The Rev. Gilbert White has devoted one letter to 'this simple piece of domestic economy,' in his Natural History of Selborne. He tells us:

The proper species is the common soft rush, found in most pastures by the sides of streams, and under hedges. Decayed labourers, women, and children, gather these rushes late in summer; as soon as they are cut, they must be flung into water, and kept there, otherwise they will dry and shrink, and the peel will not run. When peeled they must lie on the grass to be bleached, and take the dew for some nights, after which they are dried in the sun. Some address is required in dipping these rushes into the scalding fat or grease.

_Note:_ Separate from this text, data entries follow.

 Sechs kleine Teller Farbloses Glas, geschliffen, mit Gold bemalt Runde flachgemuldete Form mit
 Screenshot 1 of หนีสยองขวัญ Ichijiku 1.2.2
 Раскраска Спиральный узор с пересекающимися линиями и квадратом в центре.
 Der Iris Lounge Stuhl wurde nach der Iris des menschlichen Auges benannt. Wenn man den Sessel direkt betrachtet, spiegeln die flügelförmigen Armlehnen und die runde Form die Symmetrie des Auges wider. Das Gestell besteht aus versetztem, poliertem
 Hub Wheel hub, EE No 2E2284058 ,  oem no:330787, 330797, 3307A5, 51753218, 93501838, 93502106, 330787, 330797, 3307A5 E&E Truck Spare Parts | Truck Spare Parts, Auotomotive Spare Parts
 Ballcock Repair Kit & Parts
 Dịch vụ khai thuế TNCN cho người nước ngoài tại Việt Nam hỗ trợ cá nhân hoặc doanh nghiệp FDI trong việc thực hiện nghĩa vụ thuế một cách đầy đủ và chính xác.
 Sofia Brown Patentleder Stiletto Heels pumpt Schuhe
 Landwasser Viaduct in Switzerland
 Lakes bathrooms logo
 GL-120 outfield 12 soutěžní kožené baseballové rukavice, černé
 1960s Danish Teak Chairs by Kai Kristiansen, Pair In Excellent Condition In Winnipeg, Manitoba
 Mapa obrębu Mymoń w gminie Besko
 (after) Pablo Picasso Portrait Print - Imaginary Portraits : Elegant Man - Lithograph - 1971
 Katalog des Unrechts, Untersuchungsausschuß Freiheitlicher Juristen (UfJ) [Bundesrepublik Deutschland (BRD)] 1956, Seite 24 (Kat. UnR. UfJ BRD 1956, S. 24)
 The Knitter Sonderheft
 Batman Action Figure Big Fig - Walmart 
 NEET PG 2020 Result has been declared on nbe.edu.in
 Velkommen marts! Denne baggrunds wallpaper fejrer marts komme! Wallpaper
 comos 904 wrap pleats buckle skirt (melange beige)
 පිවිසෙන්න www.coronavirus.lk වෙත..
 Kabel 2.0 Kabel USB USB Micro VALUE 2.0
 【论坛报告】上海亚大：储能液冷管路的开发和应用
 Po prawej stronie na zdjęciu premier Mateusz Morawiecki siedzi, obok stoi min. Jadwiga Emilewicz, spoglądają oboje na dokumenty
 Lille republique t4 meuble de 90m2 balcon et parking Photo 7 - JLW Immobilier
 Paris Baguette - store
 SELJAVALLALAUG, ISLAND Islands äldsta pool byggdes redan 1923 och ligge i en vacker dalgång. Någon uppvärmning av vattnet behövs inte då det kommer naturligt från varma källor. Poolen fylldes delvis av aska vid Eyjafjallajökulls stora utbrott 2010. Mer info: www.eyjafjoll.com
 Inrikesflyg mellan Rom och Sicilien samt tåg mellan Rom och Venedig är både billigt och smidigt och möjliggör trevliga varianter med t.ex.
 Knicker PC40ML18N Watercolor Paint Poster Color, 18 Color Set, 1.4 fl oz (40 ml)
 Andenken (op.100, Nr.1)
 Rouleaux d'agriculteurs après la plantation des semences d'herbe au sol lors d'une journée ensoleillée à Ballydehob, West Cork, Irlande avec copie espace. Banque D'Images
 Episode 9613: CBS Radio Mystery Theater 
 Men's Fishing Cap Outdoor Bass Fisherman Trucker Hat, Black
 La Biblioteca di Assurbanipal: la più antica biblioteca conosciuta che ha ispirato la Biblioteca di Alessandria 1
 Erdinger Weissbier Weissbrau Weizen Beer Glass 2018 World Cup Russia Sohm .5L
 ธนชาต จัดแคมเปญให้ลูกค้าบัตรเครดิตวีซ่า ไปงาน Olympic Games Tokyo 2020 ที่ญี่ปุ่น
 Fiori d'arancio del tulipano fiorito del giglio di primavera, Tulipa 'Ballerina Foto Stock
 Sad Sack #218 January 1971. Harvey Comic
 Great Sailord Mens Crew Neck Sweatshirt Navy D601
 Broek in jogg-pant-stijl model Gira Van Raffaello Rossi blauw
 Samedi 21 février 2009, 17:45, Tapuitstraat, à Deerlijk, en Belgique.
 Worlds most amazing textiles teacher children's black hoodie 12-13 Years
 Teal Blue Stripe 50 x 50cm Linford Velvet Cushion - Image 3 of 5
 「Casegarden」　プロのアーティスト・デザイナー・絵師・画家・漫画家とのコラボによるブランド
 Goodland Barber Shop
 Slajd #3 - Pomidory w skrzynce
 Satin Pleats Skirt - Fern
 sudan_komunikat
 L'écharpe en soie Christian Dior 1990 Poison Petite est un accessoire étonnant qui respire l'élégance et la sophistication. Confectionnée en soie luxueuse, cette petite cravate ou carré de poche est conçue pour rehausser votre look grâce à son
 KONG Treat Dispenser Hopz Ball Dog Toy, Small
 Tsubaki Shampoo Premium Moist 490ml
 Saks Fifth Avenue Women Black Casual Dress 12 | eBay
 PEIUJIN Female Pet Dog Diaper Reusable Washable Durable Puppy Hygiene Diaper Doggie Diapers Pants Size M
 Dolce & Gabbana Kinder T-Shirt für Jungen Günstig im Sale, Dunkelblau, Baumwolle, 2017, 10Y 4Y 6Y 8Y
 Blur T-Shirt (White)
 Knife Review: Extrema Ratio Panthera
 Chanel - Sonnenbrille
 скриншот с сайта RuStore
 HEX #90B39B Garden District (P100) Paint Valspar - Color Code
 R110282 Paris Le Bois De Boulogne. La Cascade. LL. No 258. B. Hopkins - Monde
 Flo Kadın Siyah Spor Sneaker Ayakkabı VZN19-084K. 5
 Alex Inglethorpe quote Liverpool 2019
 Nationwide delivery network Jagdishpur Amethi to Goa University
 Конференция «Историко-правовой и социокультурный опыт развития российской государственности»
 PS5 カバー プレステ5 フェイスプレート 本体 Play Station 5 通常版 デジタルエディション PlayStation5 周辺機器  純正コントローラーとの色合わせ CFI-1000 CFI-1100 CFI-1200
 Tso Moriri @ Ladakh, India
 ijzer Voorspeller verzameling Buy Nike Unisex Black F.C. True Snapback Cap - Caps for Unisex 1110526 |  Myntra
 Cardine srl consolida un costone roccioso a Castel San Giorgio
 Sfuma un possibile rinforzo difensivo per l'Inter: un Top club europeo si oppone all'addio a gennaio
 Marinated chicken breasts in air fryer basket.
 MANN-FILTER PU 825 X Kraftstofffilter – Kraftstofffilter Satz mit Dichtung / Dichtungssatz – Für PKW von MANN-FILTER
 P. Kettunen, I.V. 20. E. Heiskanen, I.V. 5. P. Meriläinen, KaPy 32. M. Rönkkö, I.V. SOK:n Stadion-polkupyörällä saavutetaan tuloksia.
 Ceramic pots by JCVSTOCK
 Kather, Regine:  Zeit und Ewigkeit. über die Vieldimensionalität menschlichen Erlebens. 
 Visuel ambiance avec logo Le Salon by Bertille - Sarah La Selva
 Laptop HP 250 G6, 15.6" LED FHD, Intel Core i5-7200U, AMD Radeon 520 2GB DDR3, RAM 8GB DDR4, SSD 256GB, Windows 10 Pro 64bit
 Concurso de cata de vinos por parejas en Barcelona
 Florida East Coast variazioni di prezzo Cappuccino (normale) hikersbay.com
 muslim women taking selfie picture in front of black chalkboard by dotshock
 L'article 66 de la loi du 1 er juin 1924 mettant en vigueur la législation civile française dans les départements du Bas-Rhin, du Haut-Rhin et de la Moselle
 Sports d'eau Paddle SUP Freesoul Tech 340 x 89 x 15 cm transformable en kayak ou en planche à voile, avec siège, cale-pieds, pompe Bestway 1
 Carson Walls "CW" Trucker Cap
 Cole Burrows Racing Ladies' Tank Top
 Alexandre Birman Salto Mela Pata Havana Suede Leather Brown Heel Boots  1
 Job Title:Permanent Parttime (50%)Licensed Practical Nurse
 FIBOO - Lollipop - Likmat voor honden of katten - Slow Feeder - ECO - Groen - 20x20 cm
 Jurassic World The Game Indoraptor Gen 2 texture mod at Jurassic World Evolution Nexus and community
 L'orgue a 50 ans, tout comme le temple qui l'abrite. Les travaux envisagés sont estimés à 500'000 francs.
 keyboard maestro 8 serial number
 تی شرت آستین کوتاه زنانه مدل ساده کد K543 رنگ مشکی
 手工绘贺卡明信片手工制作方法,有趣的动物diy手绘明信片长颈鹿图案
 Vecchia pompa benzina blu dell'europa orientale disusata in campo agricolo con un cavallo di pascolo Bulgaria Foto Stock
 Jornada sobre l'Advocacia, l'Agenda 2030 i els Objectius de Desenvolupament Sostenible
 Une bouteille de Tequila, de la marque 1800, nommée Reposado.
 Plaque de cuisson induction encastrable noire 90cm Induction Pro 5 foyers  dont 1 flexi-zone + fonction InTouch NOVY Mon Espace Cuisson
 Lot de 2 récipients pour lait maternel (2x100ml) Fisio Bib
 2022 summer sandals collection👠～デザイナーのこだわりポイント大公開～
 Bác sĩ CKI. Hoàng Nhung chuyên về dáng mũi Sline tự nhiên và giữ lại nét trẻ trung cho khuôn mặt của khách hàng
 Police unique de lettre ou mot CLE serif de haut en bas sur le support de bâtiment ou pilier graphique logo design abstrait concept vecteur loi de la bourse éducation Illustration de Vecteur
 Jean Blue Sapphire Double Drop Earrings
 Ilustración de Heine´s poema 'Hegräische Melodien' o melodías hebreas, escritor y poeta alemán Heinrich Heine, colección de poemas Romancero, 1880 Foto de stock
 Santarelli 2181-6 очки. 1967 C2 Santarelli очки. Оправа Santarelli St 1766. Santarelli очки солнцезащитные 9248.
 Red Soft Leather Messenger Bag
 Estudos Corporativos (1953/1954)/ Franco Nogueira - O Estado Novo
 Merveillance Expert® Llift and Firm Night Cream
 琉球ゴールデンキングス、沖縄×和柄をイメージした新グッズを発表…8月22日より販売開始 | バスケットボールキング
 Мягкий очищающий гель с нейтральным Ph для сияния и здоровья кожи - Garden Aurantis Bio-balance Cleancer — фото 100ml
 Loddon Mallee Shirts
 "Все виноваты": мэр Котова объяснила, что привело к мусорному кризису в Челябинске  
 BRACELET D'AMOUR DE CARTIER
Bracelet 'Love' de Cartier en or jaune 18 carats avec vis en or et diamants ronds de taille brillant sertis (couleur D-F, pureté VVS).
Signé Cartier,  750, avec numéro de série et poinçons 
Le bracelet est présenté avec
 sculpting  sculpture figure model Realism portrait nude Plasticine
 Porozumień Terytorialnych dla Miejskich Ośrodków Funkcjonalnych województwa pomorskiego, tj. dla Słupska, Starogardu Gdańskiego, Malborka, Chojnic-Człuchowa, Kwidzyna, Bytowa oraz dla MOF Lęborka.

The careful wife of an industrious Hampshire labourer obtains all her fat for nothing: for she saves the scummings of her bacon pot for this use; and if the grease abound with salt she causes the salt to precipitate to the bottom, by setting the scummings in a warm oven. Where hogs are not much in use, and especially by the sea-side, the coarse animal oils will come very cheap. A pound of common grease may be procured for fourpence; and about six pounds of grease will dip a pound of rushes, which cost one shilling, so that a pound of rushes ready for burning will cost three shillings. If men that keep bees will mix a little wax with the grease, it will give it a consistency, render it more cleanly, and make the rushes burn longer: mutton suet will have the same effect.

A pound avoirdupois contains 1600 rashes; and supposing each to burn on an average but half-an-hour, then a poor man will purchase 1800 hours of light, a time exceeding thirty-three entire days, for three shillings. According to this account, each rush, before dipping, costs one thirty-third of a farthing, and one-eleventh afterwards. Thus a poor family will enjoy five and a-half hours of comfortable light for a farthing. An experienced old housekeeper assured Mr. White that one pound and a half of rushes completely supplied her family the year round, since working-people burn no candle in the long days, because they rise and go to bed by daylight.

Little farmers use rushes in the short days both morning and evening, in the dairy and kitchen; but the very poor, who are always the worst economists, and therefore must continue very poor, buy a half-penny candle every evening, which in their blowing, open rooms, does not burn much longer than two hours. Thus, they have only two hours' light for their money, instead of eleven.